一方で、企業は、株価が下落した場合でも、株式への転換を促進し、資金調達コストを抑えることができます。
このように、下方修正条項付きCBは、リスクとリターンのバランスを考慮した投資戦略の一環として、多くの投資家にとって魅力的な選択肢となっています。
例 | 内容 |
---|---|
ハイテク企業の資金調達 | 企業は新しい技術の開発資金を調達するために、下方修正条項付きCBを発行。投資家は企業の将来性に賭けつつ、株価の下落リスクからある程度保護される |
1-4. まとめ
下方修正条項付きCBは、投資家にとって、株価の下落リスクを軽減し、より多くの株式を取得できる可能性がある一方で、企業にとっては、資金調達コストを抑えることができるというメリットがあります。
しかし、下方修正条項は、投資家にとって、転換後の株式数が大幅に増加し、株式の希薄化が進む可能性があるというリスクも孕んでいます。
そのため、投資家は、下方修正条項付きCBの特性を十分に理解し、自身の投資戦略に合わせて活用することが重要です。

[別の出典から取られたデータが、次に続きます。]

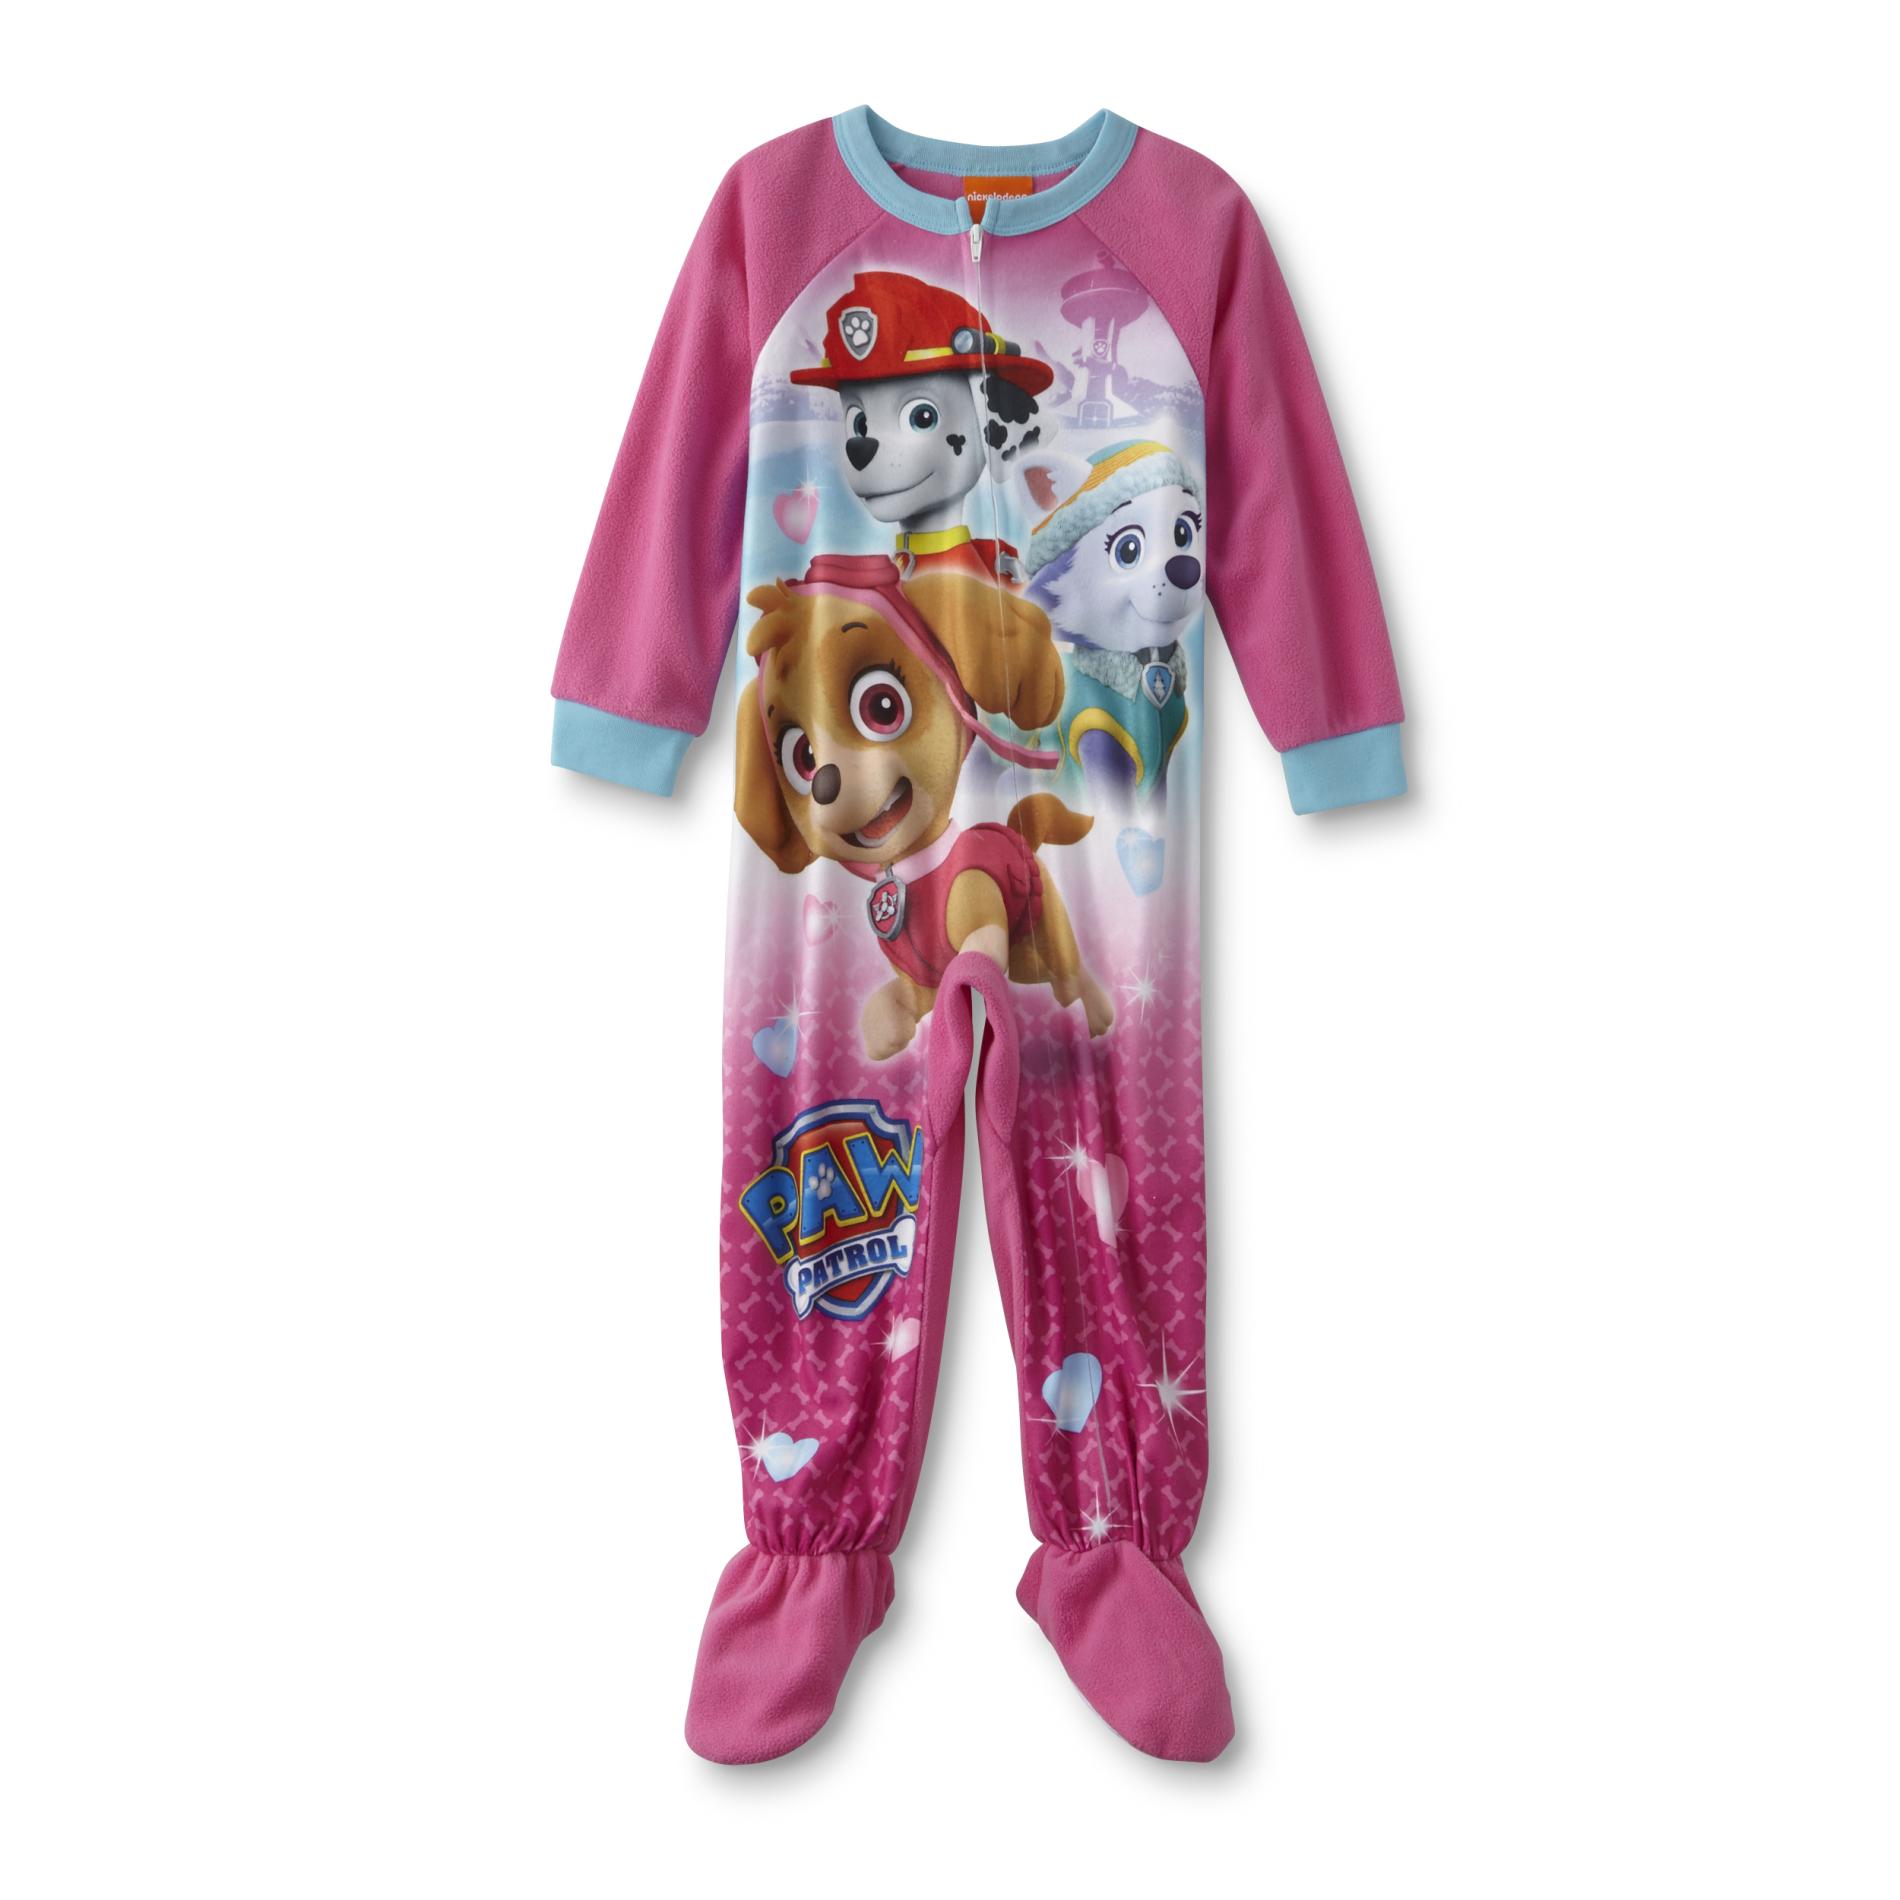 Nickelodeon PAW Patrol Toddler Girl's Sleeper Pajamas

企業にとっても、下方修正条項の設定には慎重な検討が必要であり、既存株主への影響などを考慮した上で、適切な条件を設定することが重要です。
2. 下方修正条項の仕組み
2-1. 転換価格の修正方法
下方修正条項付きCBの転換価格は、株価の変動に応じて修正されます。修正方法は、銘柄によって異なりますが、一般的な方法としては、以下の2つの方法があります。

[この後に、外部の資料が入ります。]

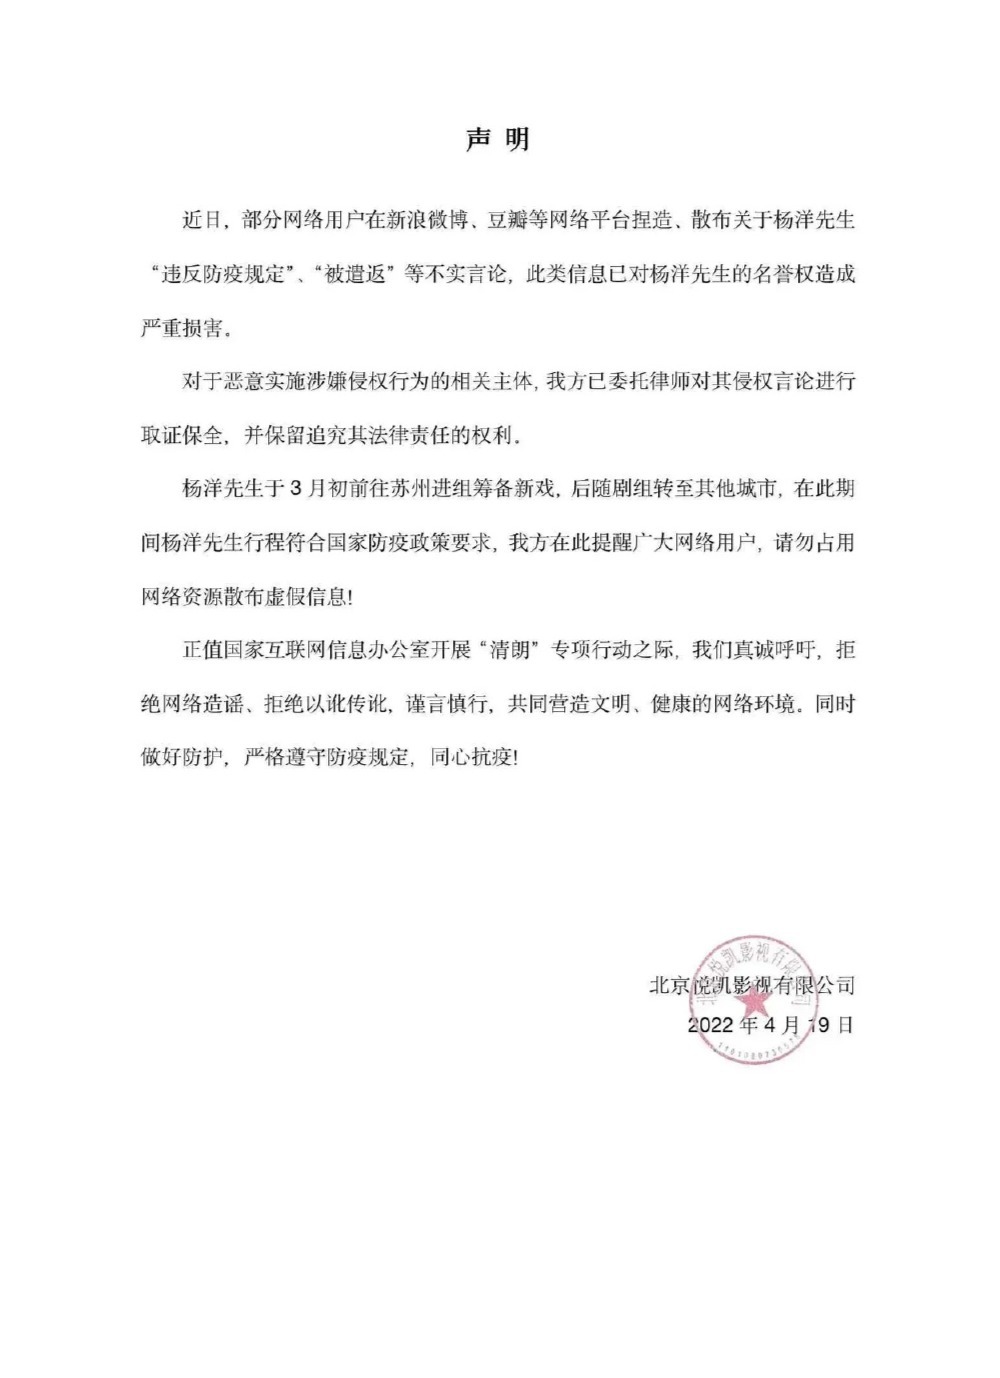 杨洋方发声明否认违反防疫规定 已将造谣者诉至法院

1つ目は、株価が転換価格から一定割合以上乖離した場合に修正される方法です。例えば、株価が転換価格の80%を下回った場合に、転換価格を80%に修正するというように、株価の変動に応じて転換価格が調整されます。
2つ目は、特定の日の株価を基準に修正される方法です。例えば、毎月15日の株価を基準に転換価格が修正されるというように、特定の日の株価を基準に転換価格が決定されます。
どちらの方法を採用するかは、発行企業が投資家との協議によって決定されます。
方法 | 内容 |
---|---|
株価乖離による修正 | 株価が転換価格から一定割合以上乖離した場合に修正 |
特定日株価による修正 | 特定の日の株価を基準に修正 |
2-2. 転換価格の修正タイミング
転換価格の修正タイミングも、銘柄によって異なりますが、一般的には、一定期間経過後に修正されることが多いです。
例えば、発行から3ヶ月後、6ヶ月後、1年後など、一定期間ごとに転換価格が修正されます。
また、株価が一定の条件を満たした場合に修正されることもあります。例えば、株価が転換価格の80%を下回った場合に、転換価格を修正するというように、株価の変動に応じて転換価格が調整されます。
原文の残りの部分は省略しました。